Thanks.. Thats even cheaper and downloading suits me better!

Edit - Actually, that was Office 2013!


----------



## NewEdition (2 Dec 2016)

This is the one I will get:
http://www.mmoga.com/Software/Office/Microsoft-Office-2016-Home-and-Business-1-User.html

Are you sure thats a one-off price and not an annual charge?
The annual charge would make it in line with what I see on the MS site


----------



## jaykayphd (2 Dec 2016)

As far as I know Office 365 is the subscription version. 2016 is the once of payment version.  That particular product in your link seems to be unavailable by the way.




NewEdition said:


> This is the one I will get:
> http://www.mmoga.com/Software/Office/Microsoft-Office-2016-Home-and-Business-1-User.html
> 
> Are you sure thats a one-off price and not an annual charge?
> The annual charge would make it in line with what I see on the MS site


----------



## dub_nerd (2 Dec 2016)

The version in your first post is Office Professional, while the later ones are Office Home and Business which would explain some of the discrepancy. For sites like this I would usually Google something like "can i trust softelectronics.co.uk", to look for trust sites. In the case of that first one it looks reasonable ok:



I didn't look at the others. Interested to know how you get on as those prices look very reasonable.


----------



## NewEdition (2 Dec 2016)

Ended up getting Office 2013 from MMOGA.com- All worked fine - Activation code was received within minutes!

Now the hard bit to move from my old laptop - re our other conversation @dub_nerd !! :-]


----------



## Guns N Roses (2 Dec 2016)

*Try Argos.*
*Microsoft Office Home and Student 2016.*
 455/2822

Save €38.00
€139.99 
was €177.99


----------



## dub_nerd (2 Dec 2016)

NewEdition said:


> Ended up getting Office 2013 from MMOGA.com- All worked fine - Activation code was received within minutes!
> 
> Now the hard bit to move from my old laptop - re our other conversation @dub_nerd !! :-]

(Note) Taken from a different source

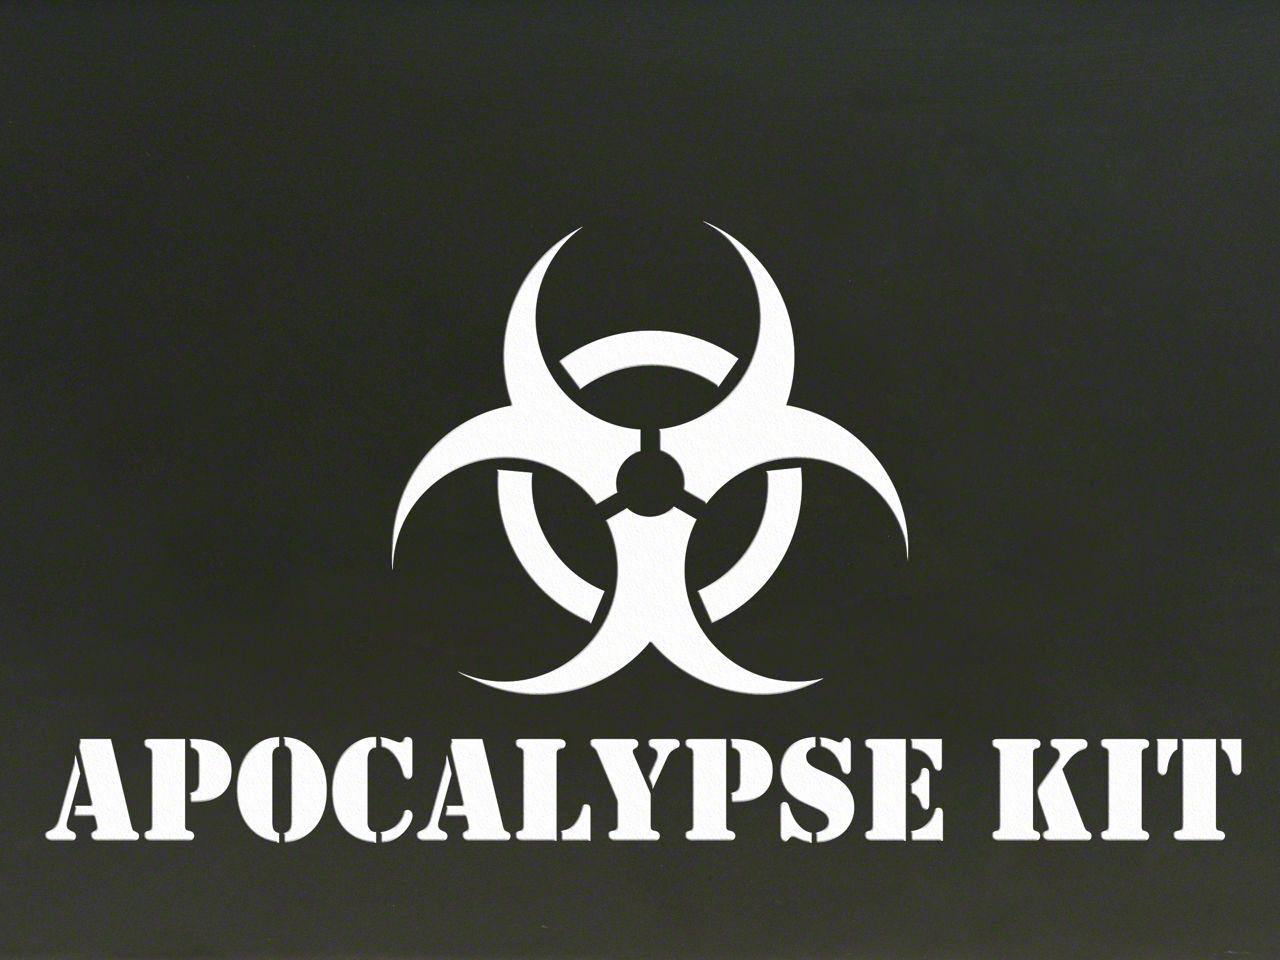 Apocalypse Kit Decal - White (87-19 Jeep Wrangler YJ, TJ, JK & JL)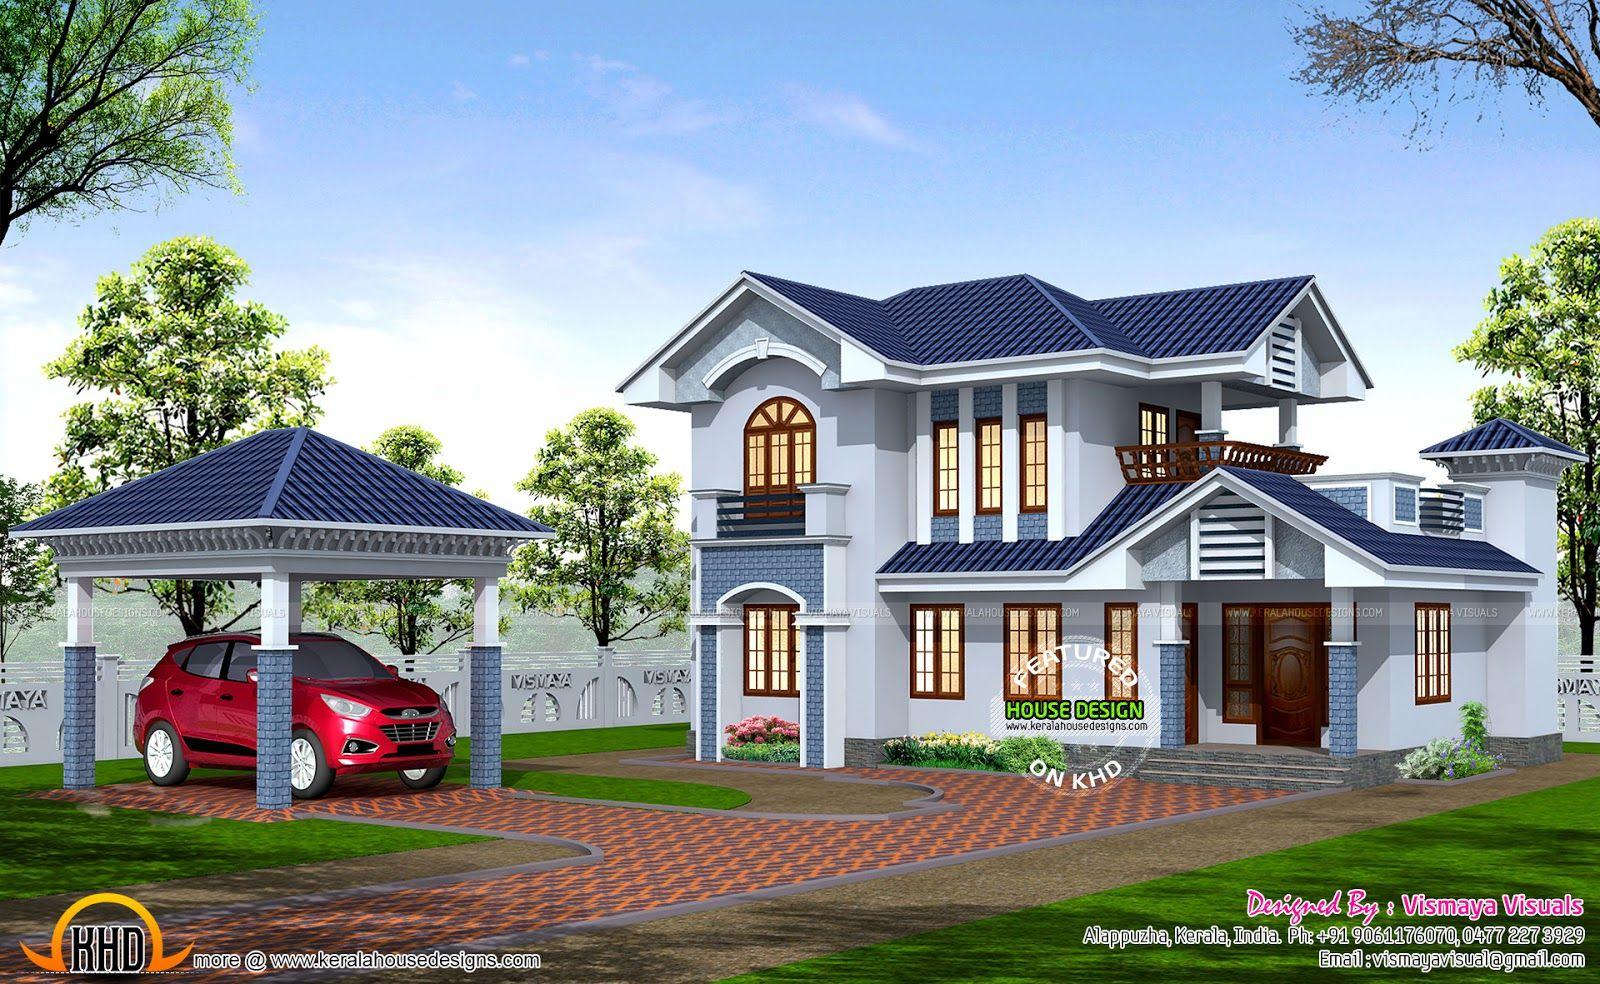 Home design types 2380 sq ft box type house kerala home design and - Pin By Homeinner Home Design House Plans Interior Design On Homeinner Home Design House Plans Interior Design Pinterest Kerala And Villas

Looks like a very decent price. Feel free to "Private Message" me (click name to left of post and click "Private_Conversation") if you need casual help, will do my best to assist. I am not a hacker/scammer.


----------



## Logo (21 Apr 2017)

I bought a 2nd hand laptop recently which is working perfectly. However anytime I log on I get a message saying "This copy of Windows is not genuine". Also "This copy of Microsoft Office Professional Plus 2010 is not activated". Any ideas for a PC illiterate poster?


----------



## Leo (21 Apr 2017)

Logo said:


> I bought a 2nd hand laptop recently which is working perfectly. However anytime I log on I get a message saying "This copy of Windows is not genuine". Also "This copy of Microsoft Office Professional Plus 2010 is not activated". Any ideas for a PC illiterate poster?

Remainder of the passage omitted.